= Obie Scott Wade =

American screenwriter and producer

Obie Scott Wade is an American producer, director, and screenwriter. He is known for creating SheZow and Magicampers.

==Career==
Wade worked on Where in the World Is Carmen Sandiego? and Mister Rogers' Neighborhood. He co-wrote eight episodes of Baby Looney Tunes, a Warner Bros. show. He also worked on Al Roach: Private Insectigator; and Deer Mike, a Disney show.

In 2001, Wade was an executive at Zeroes and Ones, a production studio in Santa Monica, California. Wade was co-creator with Paul Frank of the animated series, Julius & Friends, what was launched on Sony's screenblast.com in 2002. He was also the show's producer and director. The "Yeti Set Go" episode was selected for the 2000 Sundance Film Festival. An episode of the show was selected again in 2001, the Sundance Film Festival said that "this good-humored tale explores such issues as friendship, fate, and hot chocolate." In 2001, Wade and Michael Adamo received a Certificate of Merit, a Children's Jury Prize, at the Chicago International Children's Film Festival for Julius & Friends: Hole in One.

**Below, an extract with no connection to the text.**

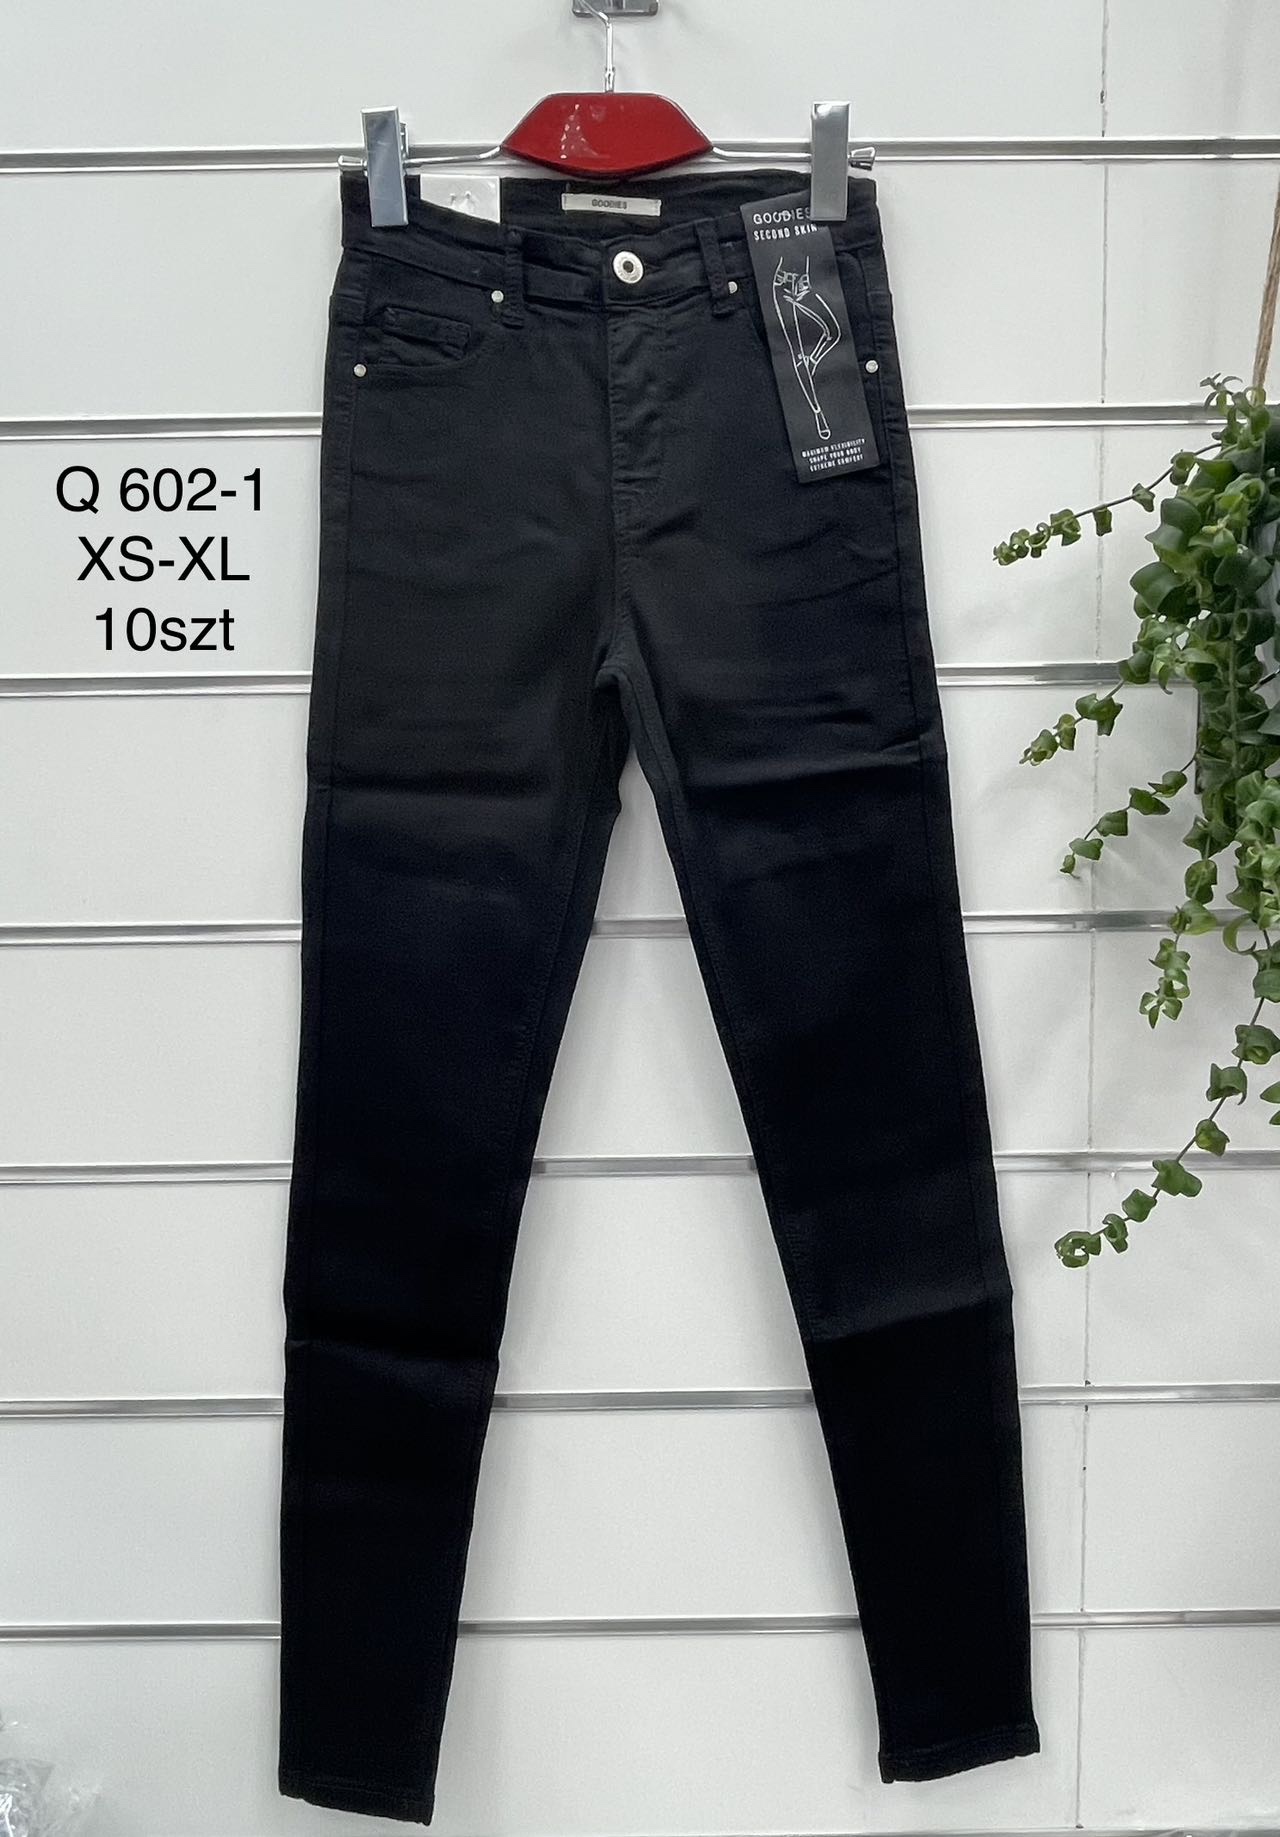 Spodnie damskie jeans Roz  XS-XL .  1 kolor . Paczka 10szt

In 2012, Wade created the show SheZow, an animated comedy about a boy who transforms into a super hero while clad in a female costume. SheZow was targeted to 6- to 11-year-old children. It was funded by Film Victoria and launched on Network Ten in Australia. There was backlash at the show's United States premiere on The Hub (now Discovery Family) when it was seen as a show about a transgender child. Romeo San Vicente states, "Technically that makes him a situational transvestite in the service of law and order and, clearly, young audiences are already understanding that it no more makes the character transgender (a word most of them have probably never encountered) than the Batman costume turns Bruce Wayne into an actual flying mammal of the order chiroptera." The show's critics included the Catholic League, American Family Association, and One Million Moms, who said the show was an
"attempt by the gay, lesbian and transgender community to indoctrinate our children into accepting their lifestyles."

In 2013, Wade was listed among the "rising stars in animation" by Animation Magazine. Wade was co-author of the juvenile fiction book, Oddry, which was published in 2014.